*** DATA EXCERPT
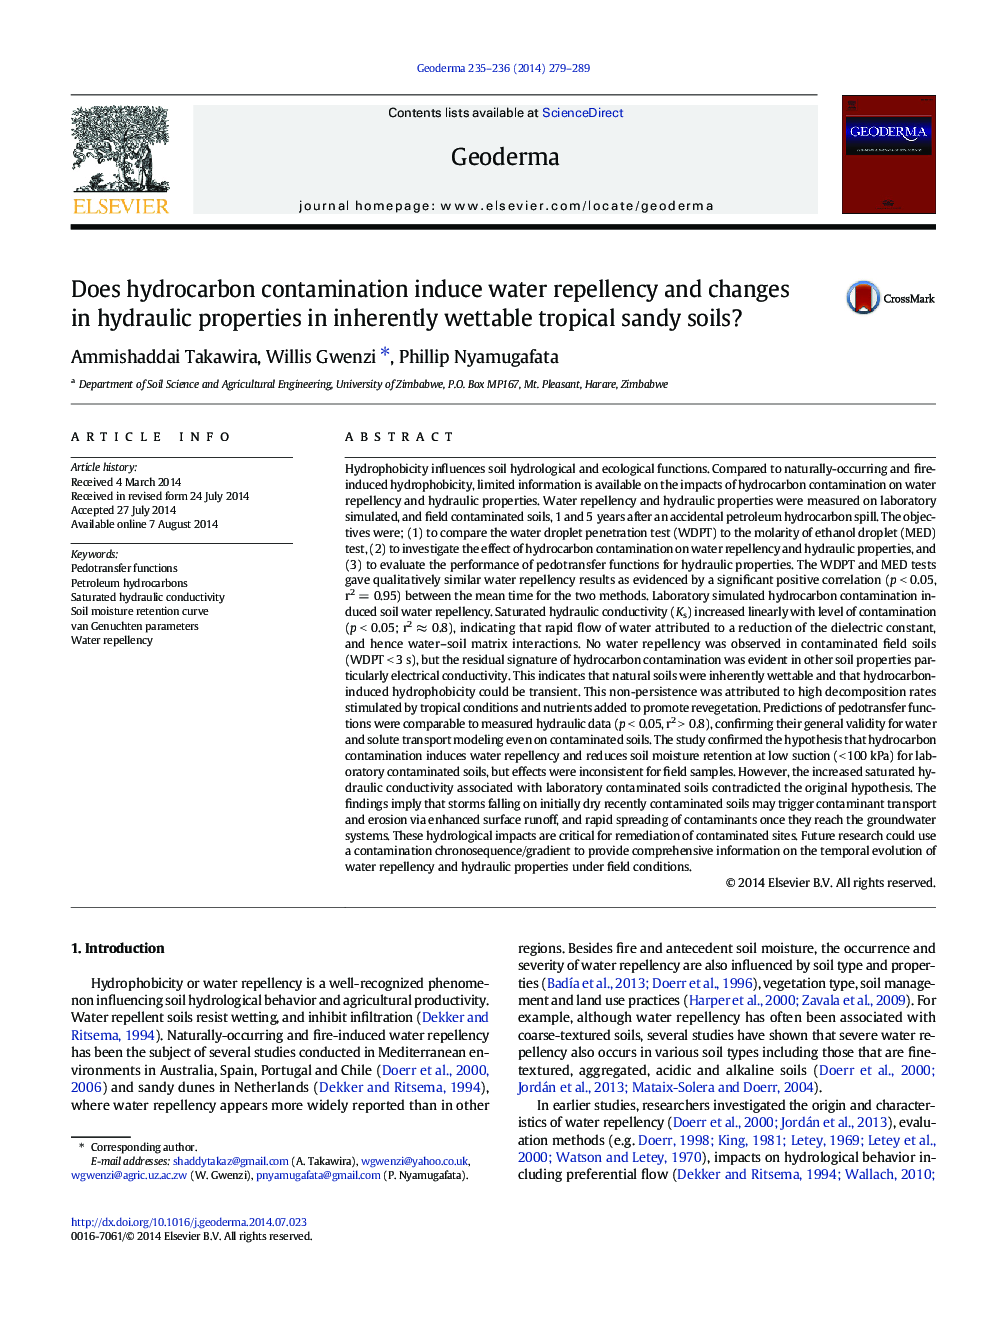 Does hydrocarbon contamination induce water repellency and changes in hydraulic properties in inherently wettable tropical sandy soils?
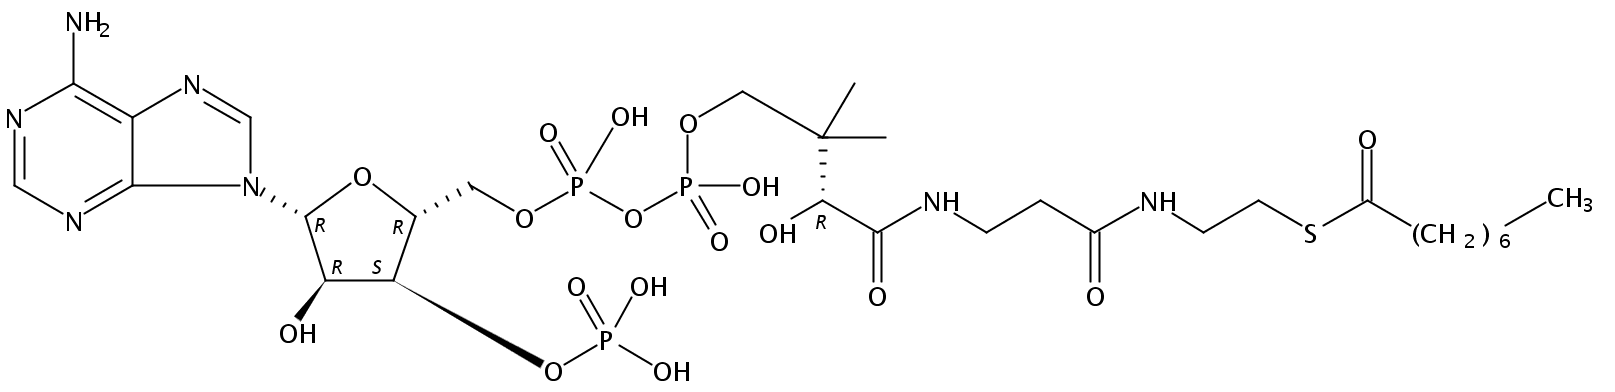 Structural formula of Octanoyl Coenzyme A free acid
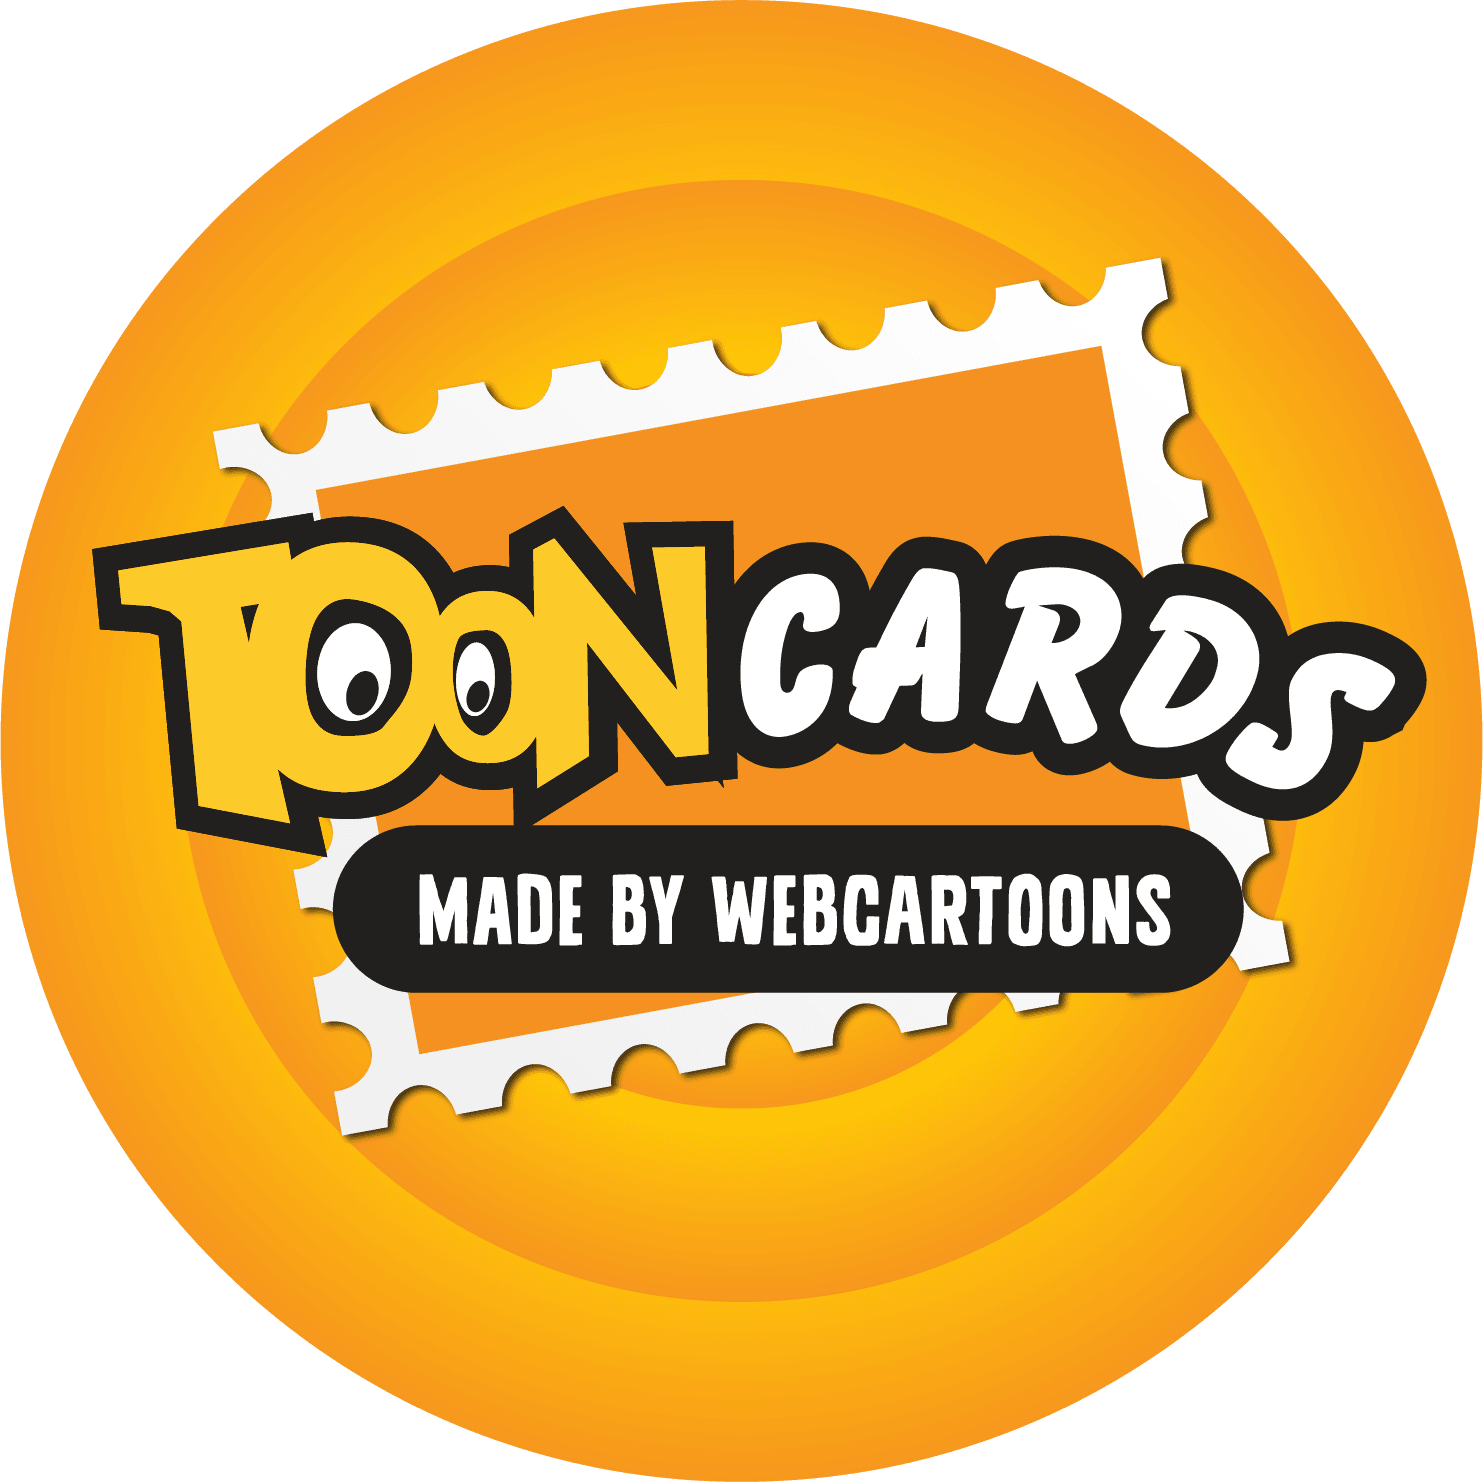 ToonCards
******
## [EXERCISE DESCRIPTION]
What is needed is an exact reproduction of the data, pictures excluded.

## [ANSWER SPACE]
 Does hydrocarbon contamination induce water repellency and changes in hydraulic properties in inherently wettable tropical sandy soils?
 Structural formula of Octanoyl Coenzyme A free acid
 ToonCards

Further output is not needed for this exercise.